Best Practices

Leverage PySpark APIs

Pandas API on Spark uses Spark under the hood; therefore, many features and performance optimizations are available in pandas API on Spark as well. Leverage and combine those cutting-edge features with pandas API on Spark.

Existing Spark context and Spark sessions are used out of the box in pandas API on Spark. If you already have your own configured Spark context or sessions running, pandas API on Spark uses them.

If there is no Spark context or session running in your environment (e.g., ordinary Python interpreter), such configurations can be set to SparkContext and/or SparkSession. Once a Spark context and/or session is created, pandas API on Spark can use this context and/or session automatically. For example, if you want to configure the executor memory in Spark, you can do as below:

from pyspark import SparkConf, SparkContext
conf = SparkConf()
conf.set('spark.executor.memory', '2g')
# Pandas API on Spark automatically uses this Spark context with the configurations set.
SparkContext(conf=conf)

import pyspark.pandas as ps
...

Another common configuration might be Arrow optimization in PySpark. In case of SQL configuration, it can be set into Spark session as below:

from pyspark.sql import SparkSession
builder = SparkSession.builder.appName("pandas-on-spark")
builder = builder.config("spark.sql.execution.arrow.pyspark.enabled", "true")
# Pandas API on Spark automatically uses this Spark session with the configurations set.
builder.getOrCreate()

import pyspark.pandas as ps
...

All Spark features such as history server, web UI and deployment modes can be used as are with pandas API on Spark. If you are interested in performance tuning, please see also Tuning Spark.

Check execution plans

Expensive operations can be predicted by leveraging PySpark API DataFrame.spark.explain() before the actual computation since pandas API on Spark is based on lazy execution. For example, see below.

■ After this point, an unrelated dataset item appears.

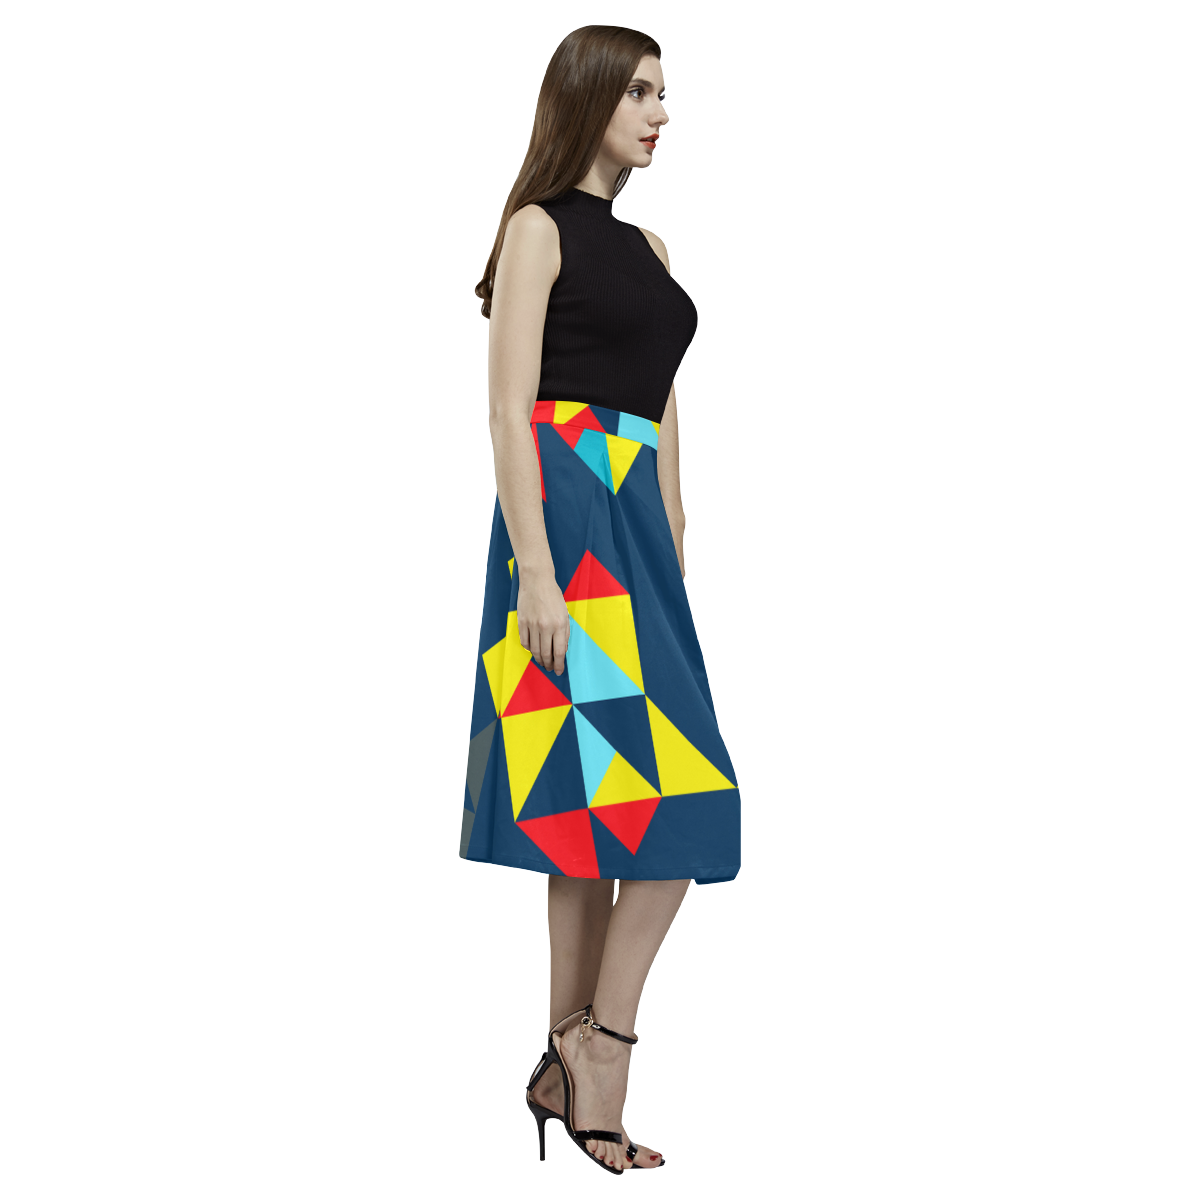 Shapes on a blue background Aoede Crepe Skirt (Model D16)

>>> import pyspark.pandas as ps
>>> psdf = ps.DataFrame({'id': range(10)})
>>> psdf = psdf[psdf.id > 5]
>>> psdf.spark.explain()
== Physical Plan ==
*(1) Filter (id#1L > 5)
+- *(1) Scan ExistingRDD[__index_level_0__#0L,id#1L]

Whenever you are not sure about such cases, you can check the actual execution plans and foresee the expensive cases.

Even though pandas API on Spark tries its best to optimize and reduce such shuffle operations by leveraging Spark optimizers, it is best to avoid shuffling in the application side whenever possible.

Use checkpoint

After a bunch of operations on pandas API on Spark objects, the underlying Spark planner can slow down due to the huge and complex plan. If the Spark plan becomes huge or it takes the planning long time, DataFrame.spark.checkpoint() or DataFrame.spark.local_checkpoint() would be helpful.

>>> import pyspark.pandas as ps
>>> psdf = ps.DataFrame({'id': range(10)})
>>> psdf = psdf[psdf.id > 5]
>>> psdf['id'] = psdf['id'] + (10 * psdf['id'] + psdf['id'])
>>> psdf = psdf.groupby('id').head(2)
>>> psdf.spark.explain()
== Physical Plan ==
*(3) Project [__index_level_0__#0L, id#31L]
+- *(3) Filter (isnotnull(__row_number__#44) AND (__row_number__#44 <= 2))
   +- Window [row_number() windowspecdefinition(__groupkey_0__#36L, __natural_order__#16L ASC NULLS FIRST, specifiedwindowframe(RowFrame, unboundedpreceding$(), currentrow$())) AS __row_number__#44], [__groupkey_0__#36L], [__natural_order__#16L ASC NULLS FIRST]
      +- *(2) Sort [__groupkey_0__#36L ASC NULLS FIRST, __natural_order__#16L ASC NULLS FIRST], false, 0
         +- Exchange hashpartitioning(__groupkey_0__#36L, 200), true, [id=#33]
            +- *(1) Project [__index_level_0__#0L, (id#1L + ((id#1L * 10) + id#1L)) AS __groupkey_0__#36L, (id#1L + ((id#1L * 10) + id#1L)) AS id#31L, __natural_order__#16L]
               +- *(1) Project [__index_level_0__#0L, id#1L, monotonically_increasing_id() AS __natural_order__#16L]
                  +- *(1) Filter (id#1L > 5)
                     +- *(1) Scan ExistingRDD[__index_level_0__#0L,id#1L]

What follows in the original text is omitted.